WIQI
- Watseka, Illinois; United States;
- Broadcast area: Iroquois County and Kankakee
- Frequency: 95.9 MHz
- Branding: Classic Rock 95.9 WIQI

Programming
- Format: Classic rock
- Affiliations: Fox News Radio

Ownership
- Owner: Smash Hit Media, Inc.

History
- First air date: February 2008 (part-time, as WMLF) June 23, 2015 (full-time)
- Former call signs: WMLF (2006–2011); WWWN (2011); WKQX (2011–2014);
- Call sign meaning: Previously used on the current WKQX in Chicago

Technical information
- Licensing authority: FCC
- Facility ID: 164237
- Class: A
- ERP: 6,000 watts
- HAAT: 74 meters (243 ft)
- Transmitter coordinates: 40°49′22″N 87°44′54″W﻿ / ﻿40.82278°N 87.74833°W

Links
- Public license information: Public file; LMS;
- Webcast: Listen live
- Website: wiqiradio.com

= WIQI =

WIQI (95.9 FM) is a radio station in Watseka, Illinois owned by Smash Hit Media. The station currently carries a classic rock format covering Watseka along with Iroquois County and Kankakee with an output of 6000 watts ERP.

==History==
From 2011 until March 2015, the radio station used the WKQX call letters while the 101.1 frequency in the Chicago market that is best known for those call letters was itself known as WIQI. Both stations were owned by companies associated with radio executive Randy Michaels, at the time, and Radioactive, LLC was using a common practice in the radio industry to hold call letters in one market solely in order to prevent their use by a competitor in another. During this period, the station itself broadcast for only days at a time in each late winter in order to prevent the license from being revoked by the Federal Communications Commission (FCC) for inactivity. The station's original 14 meter HAAT 1000 watt signal was limited to Watseka. On January 16, 2014, its call letters changed from WKQX to WIQI with the return of the WKQX calls to 101.1 in Chicago.
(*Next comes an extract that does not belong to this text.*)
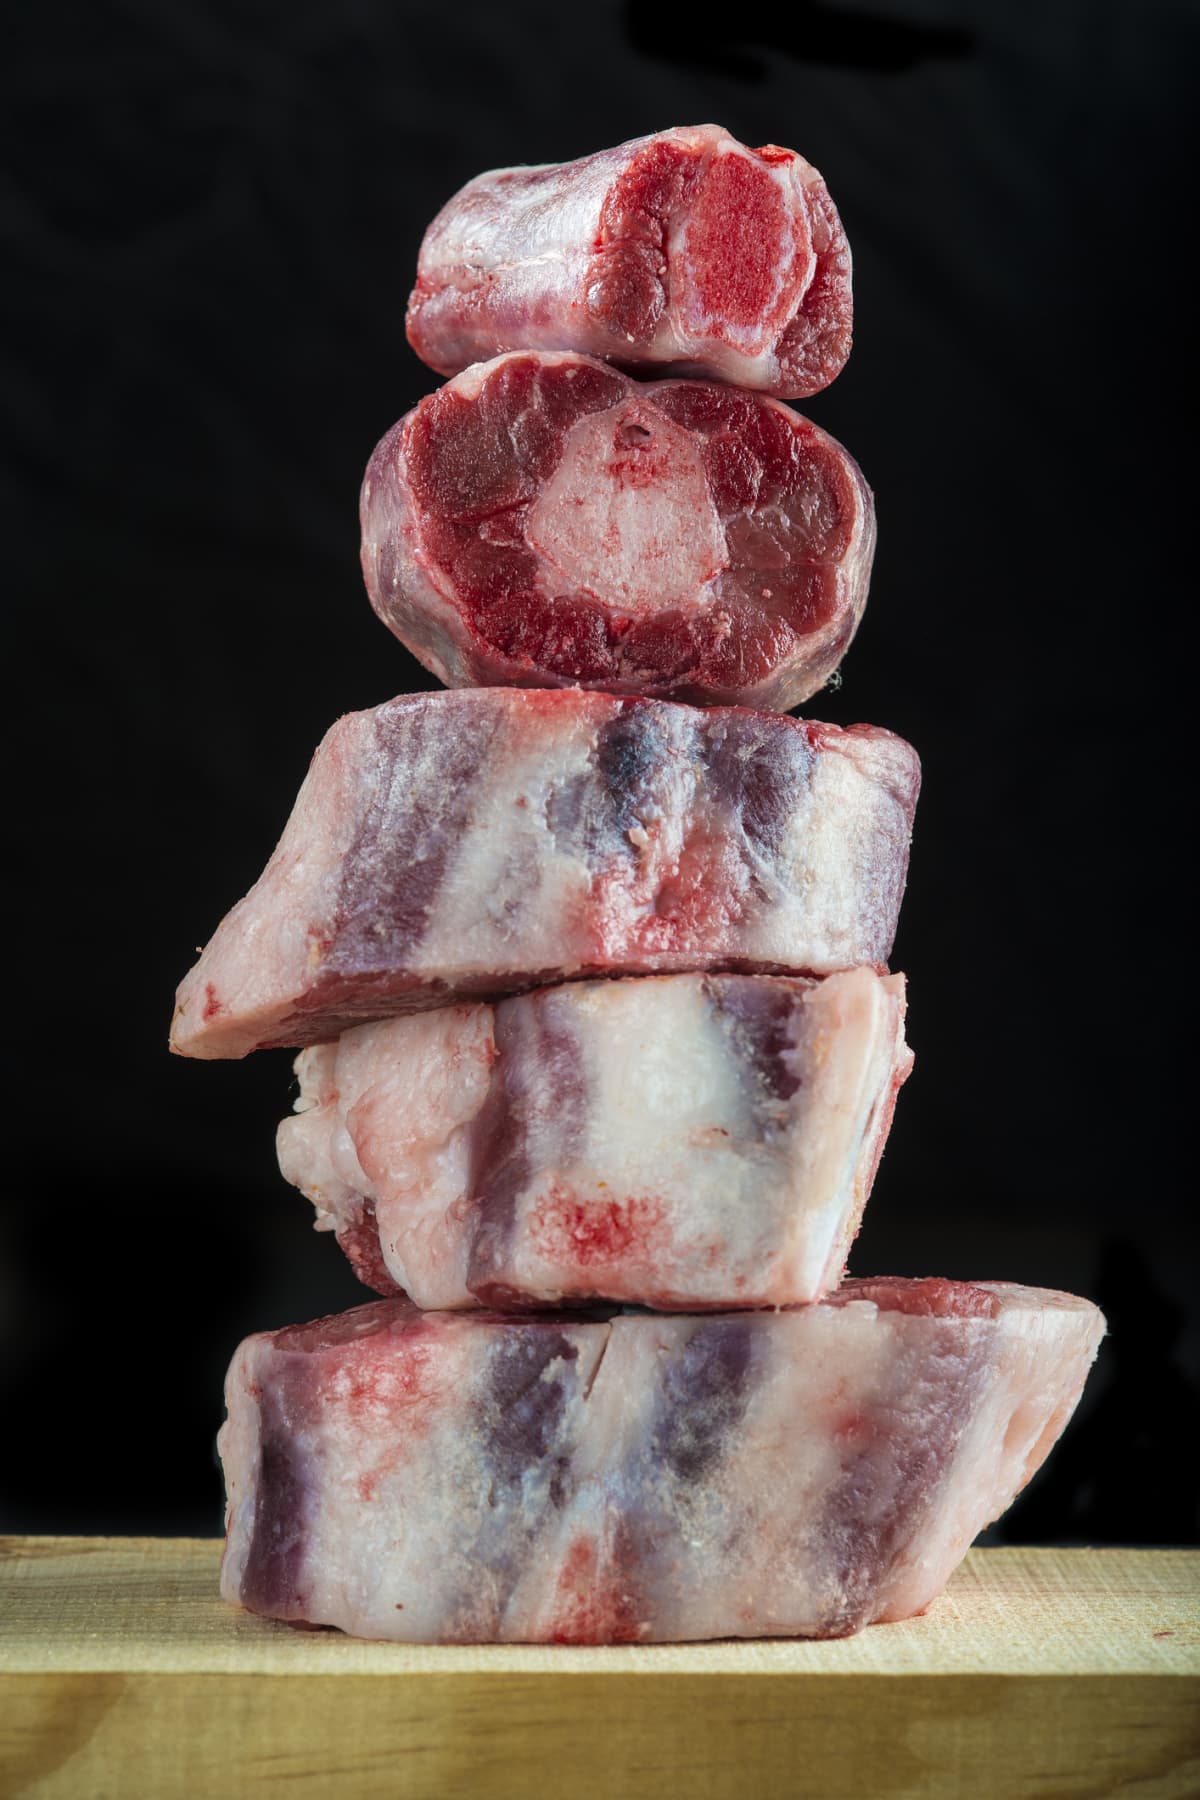 Fresh and raw oxtail cut on the cutting board isolated on a black background

In March 2015, the station asked for a construction permit to widen the signal's coverage, mainly towards the Kankakee area; this was granted on April 15. On June 23, 2015, WIQI placed this facility on the air; at that time, it began to broadcast full-time with daytime airstaff. This came shortly before the FCC began to disallow the abuse of license holding to keep a station silent on July 2, 2015.